“It wasn’t my secret to share, any more than it was Asher’s, B. It doesn’t mean JJ didn’t trust you, but from what I’ve witnessed, I think he carries a lot of guilt and shame surrounding his addiction. He didn’t want anyone to know.”
Bria tucks her hands into the sleeves of the sweatshirt, her eyes shining. “I just . . . I can’t help wondering if maybe things would have turned out differently if JJ had told me. I know it’s beyond selfish to even think it, but I wonder if Asher might still be here?” Bria quickly wipes at her cheeks, huffing. “Sorry, I know it probably wouldn’t change anything still, but I don’t know.”
“You could talk to JJ about it,” I suggest, not wanting to speak for him anymore than I already have.
“Do you think he’d be okay with that?” she asks, and I think he would for Bria.
“You won’t know until you try.”
Bria smiles back, hopping off the counter. “Thanks,” she says, and I nod, smiling back at her.
“Of course.”
She moves toward her door, before hovering. “Hey, Mar?”
“Yeah?”
“I know he needs you right now, and I do too, but make sure you’re still taking time for yourself. You can’t be everything for everyone, and I noticed you haven’t been writing or playing the last couple of weeks.”
I’m honestly a little surprised she’s noticed. If it weren’t for my guitar propped up in the corner of my room, I think I would have forgotten I haven’t touched it.
“I’ve just been busy.” It’s a weak attempt to defend myself, and while it might be true, it’s an excuse. I’m avoiding how I’m feeling about everything because putting it into a song makes it real. I’m not ready to deal with real yet.
“Okay,” she says, not pushing me before disappearing into her room. I suppose that’s my cue to go back to mine and finish my dreadful homework.

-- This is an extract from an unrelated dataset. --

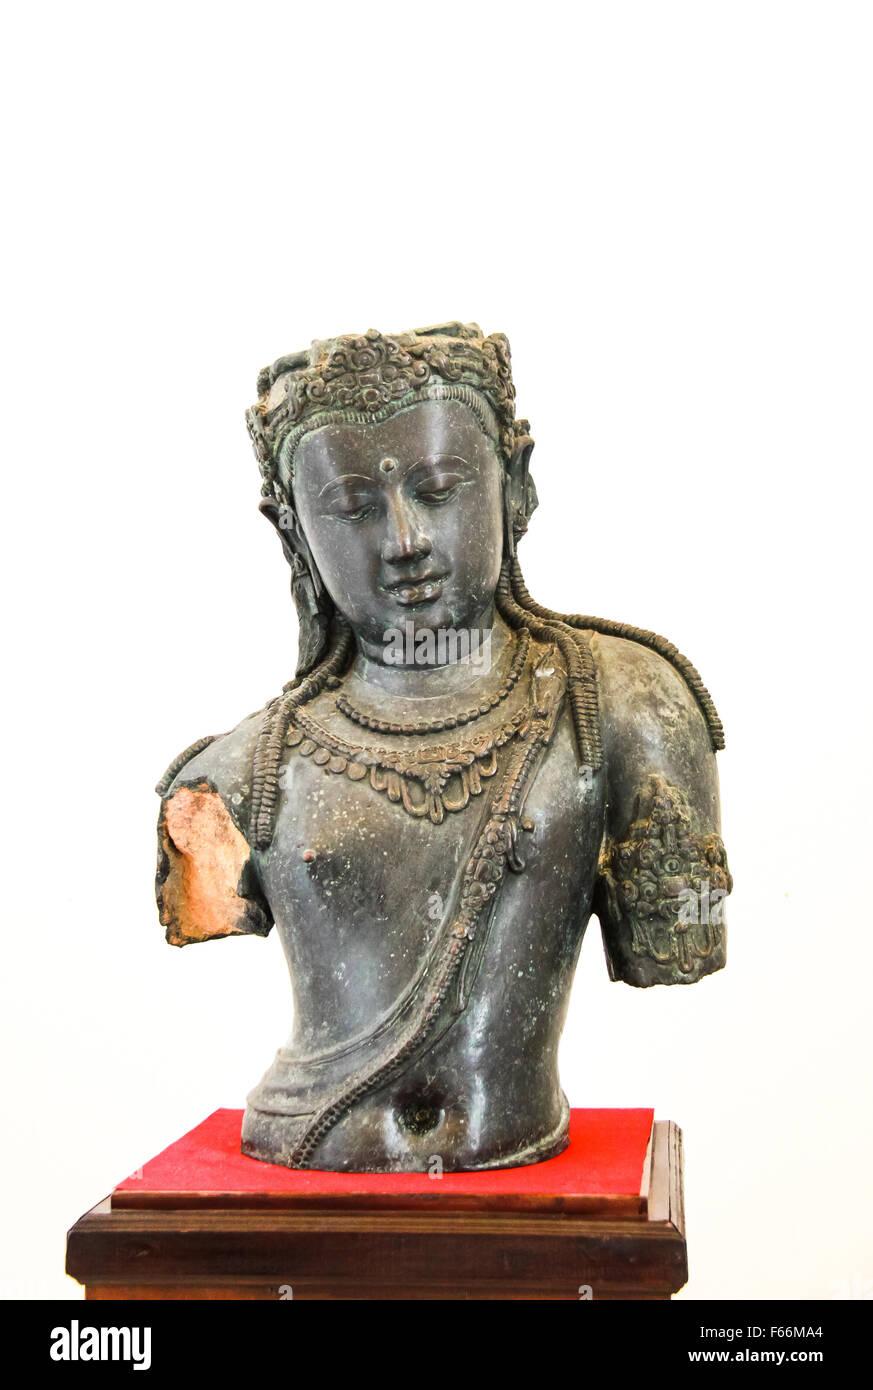 The Antique Bodhisattva Statue - Surat Thani, Thailand - Stock Image

I settle down in my chair, taking a quick glance at my guitar before turning back toward my computer. Turning my brain off, I come up with the simplest idea I can for a company because it’s better not to let my mind wander about what might be.

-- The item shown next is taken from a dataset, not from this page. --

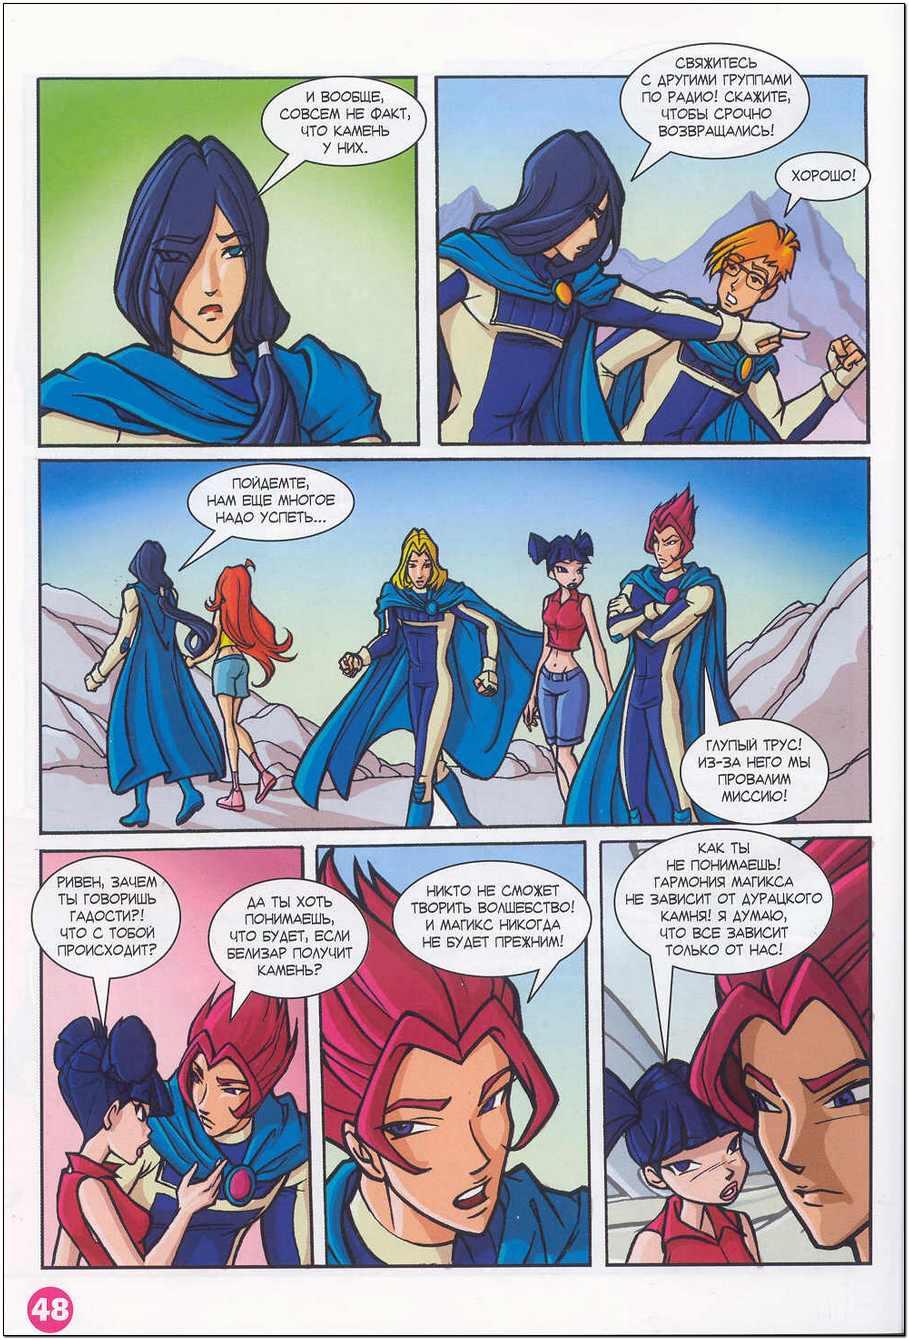 Комикс Винкс Winx - Камень Шааба (Журнал Винкс №3 2009)

Words fill the document and if I’m being honest, I don’t think I remember a single word I typed before turning it in. It’s mindless for me.
I rub my temples to get rid of the headache I can feel coming when my phone dings with a notification, and I’m more than a little confused to see a text with a link from my uncle.

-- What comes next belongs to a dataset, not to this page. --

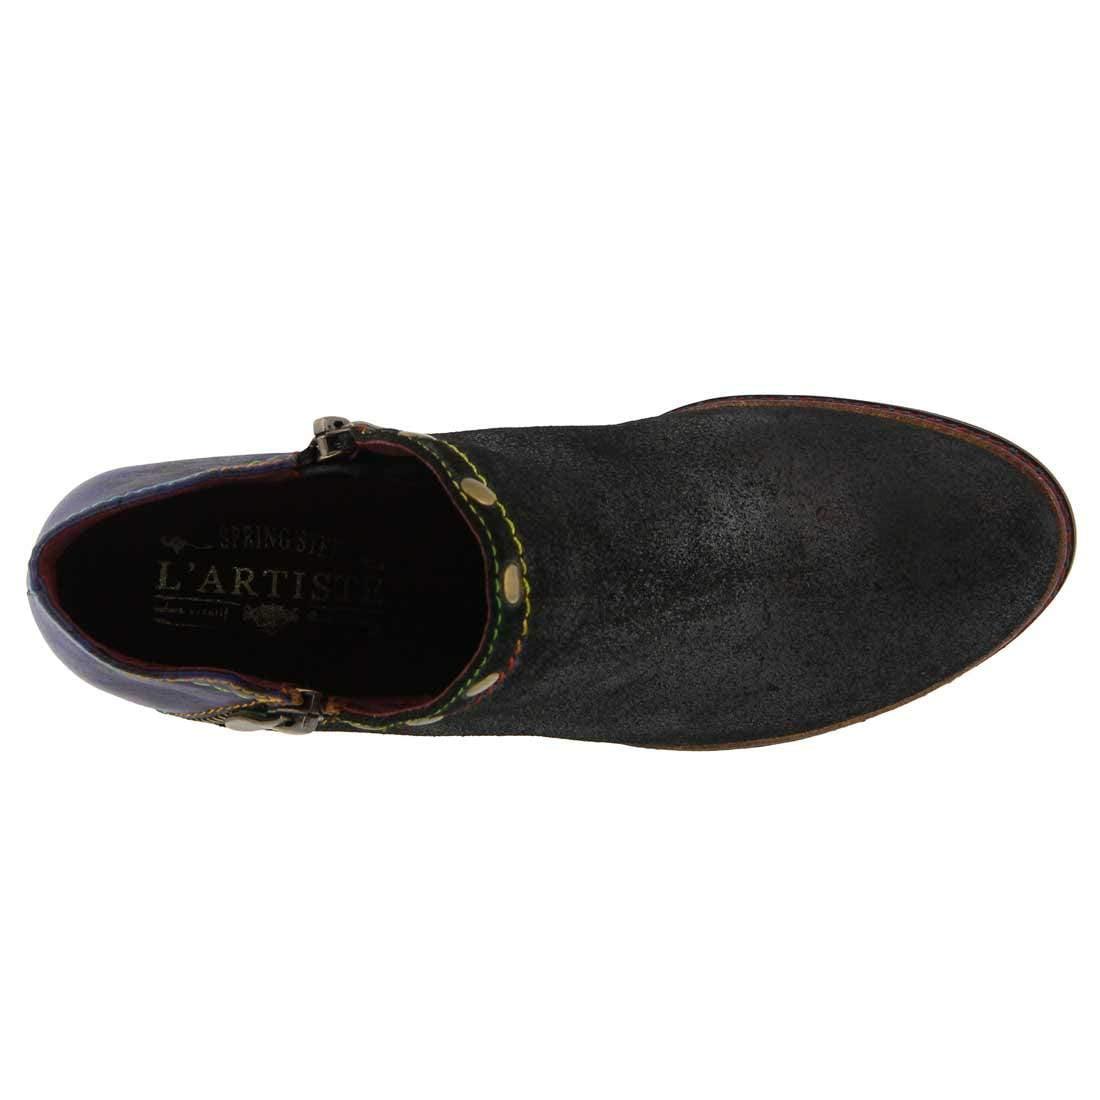 Use-Custom-Brand Womens Toe Sabina Leather Closed Toe Womens Ankle Fashion Boots 7b22ee

Dean:In case you haven’t heard, you have choices.
What on earth is he talking about?
I click the link and it brings me to an article published ten minutes ago.
Billionaire mogul and CEO of Benson Pharmaceuticals, Hayes Benson, stepped down from his position in the company moments ago at a press conference. It has long been rumored the daughter of Hayes and Sephine Benson was being groomed to take over the company much like Mr. Benson took over for his father, but in this shocking turn of events, the company has been left to the now former CFO, Maddox Benson. Hayes Benson stated he will maintain a role in the company by staying on as a board member through this transition and remain a majority shareholder.
My jaw drops as tears fill my eyes. I don’t have to run the company. I can do what I want. I’ve never actually let myself consider what I really wanted to do with my life, because I thought it would be harder to take over if I had something to dream for, but now the possibilities are endless.
I don’t know how or why this happened, but it feels like the first breath of fresh air I’ve taken in weeks.
I have choices.
CHAPTER FORTY-SEVEN
JJ
“I THINK THIS is the last of it,” Henry says, setting a box down in my new room where Mirabelle and I have been unpacking. I look around at the white walls, the perfect representation of the fresh start I have here.
“Thank you,” I say, and he offers me a nod in acknowledgement. He’s always been a man of few words, but things between Henry and me need time to get back to normal. He doesn’t trust me anymore, and I can’t say I blame him. I successfully hid a drug addiction from everyone for an entire year.
When they visited me at rehab, I was honest with them about the circumstances surrounding the injury to my knee after my therapist suggested I tell Mirabelle, because the thing about secrets is they only have power over you if you let them.
Mira took it on the chin, and thankfully we’ve been able to start moving forward from the secrets I kept, but I know it’s not forgotten.
All I can do is be patient and continue working the program while I try to earn their trust back.